◆ Task description
The printed result should hold only the lines from the opening of the data through the line bearing "Bộ đội Biên", exactly as given and without pictures.

◆ Information shown
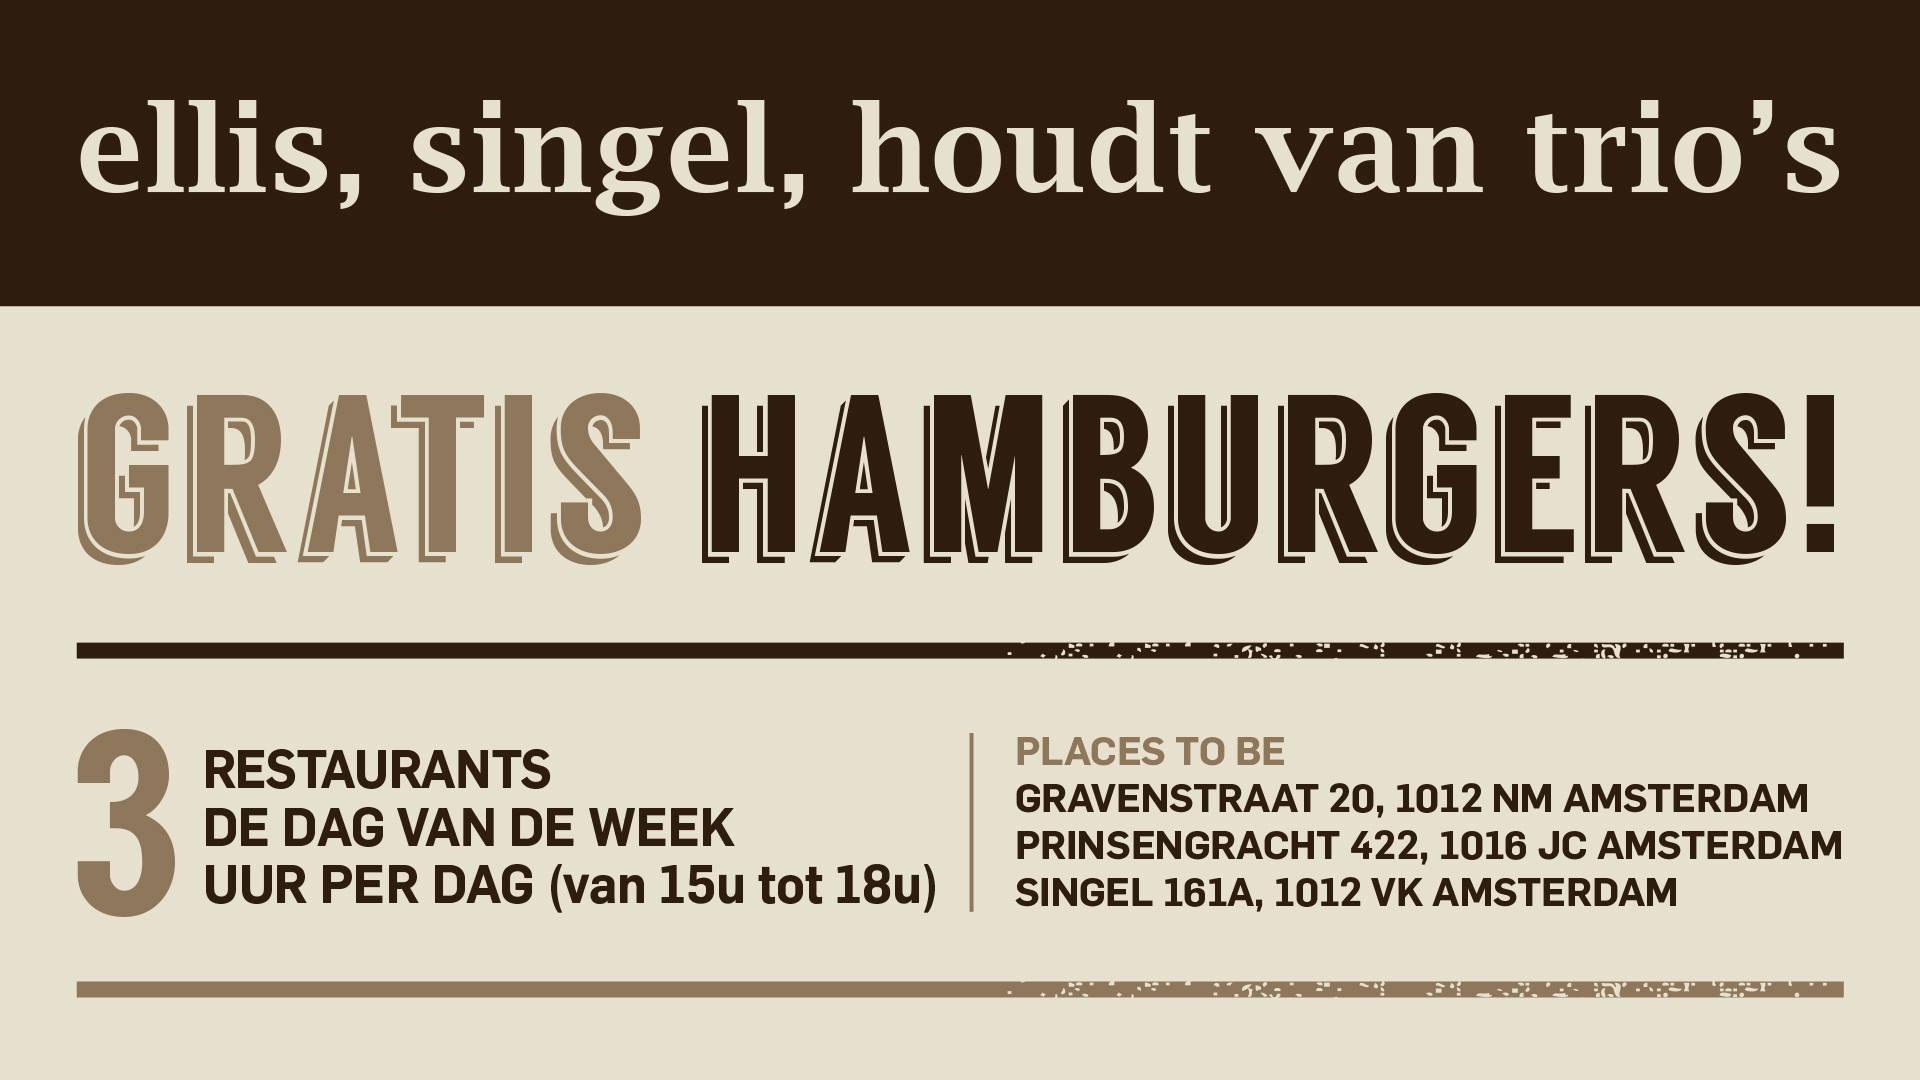 GRATIS hamburgers bij alle drie de Ellis Gourmet Burgers vestigingen (Amsterdam), vandaag (18 juli) en volgende week (25 juli) tussen 15.00 en 18.00.
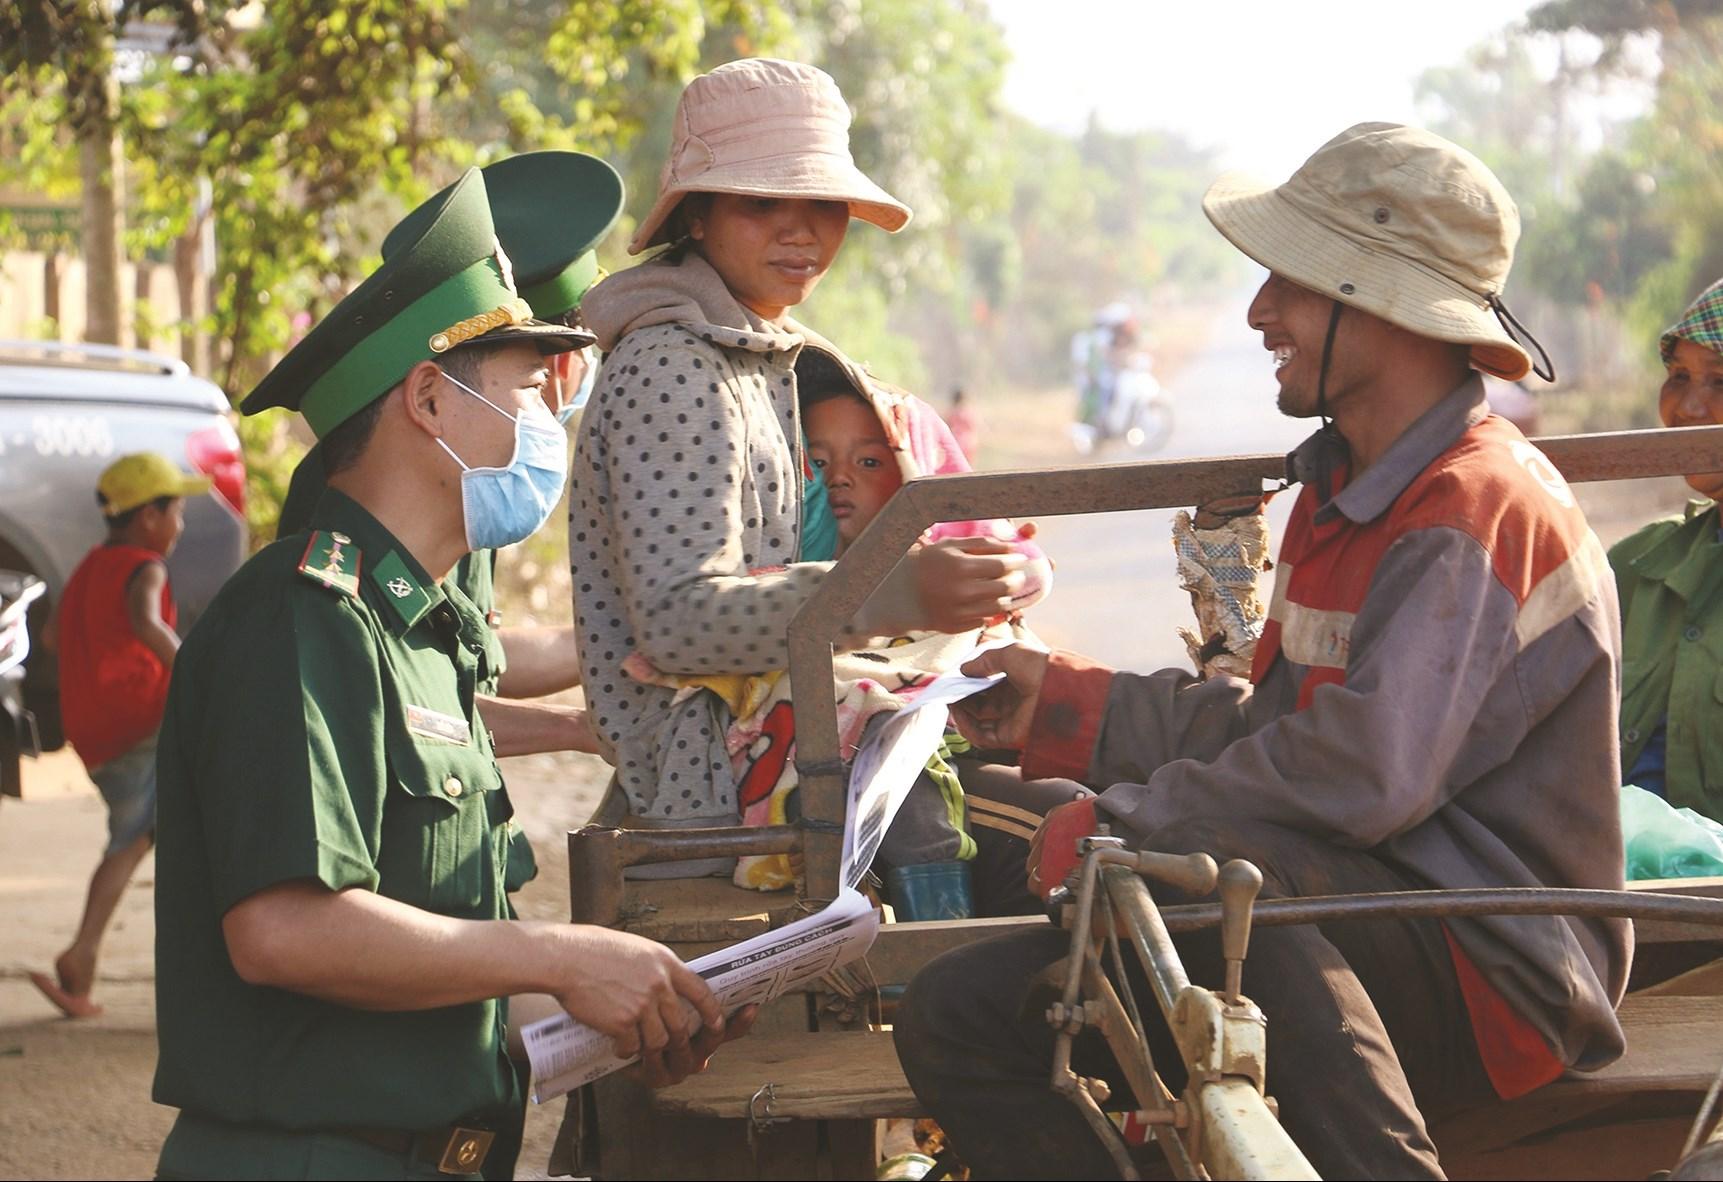 Bộ đội Biên phòng Đồn Biên phòng cửa khẩu Thuận An phát tờ rơi song ngữ tiếng phổ thông và M'nông cho đồng bào biên giới
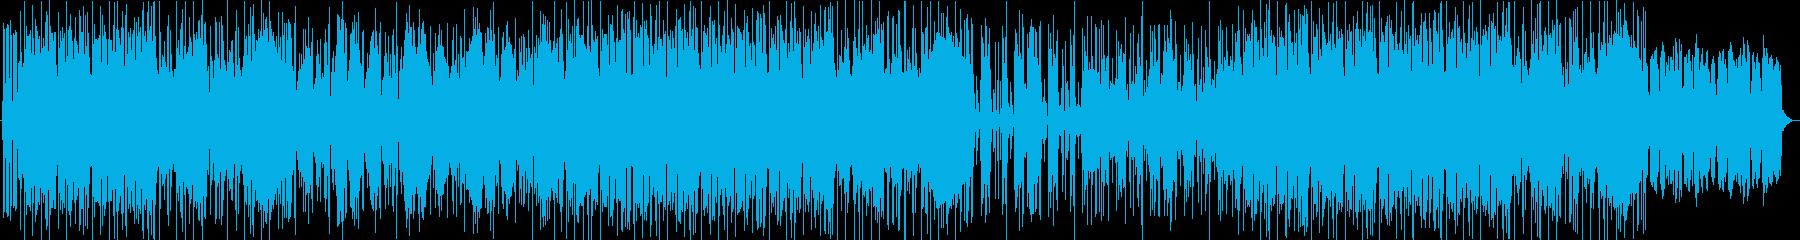 和ロック・おしゃれ・ハネ系の再生済みの波形

◆ Task solution
 GRATIS hamburgers bij alle drie de Ellis Gourmet Burgers vestigingen (Amsterdam), vandaag (18 juli) en volgende week (25 juli) tussen 15.00 en 18.00.
 Bộ đội Biên phòng Đồn Biên phòng cửa khẩu Thuận An phát tờ rơi song ngữ tiếng phổ thông và M'nông cho đồng bào biên giới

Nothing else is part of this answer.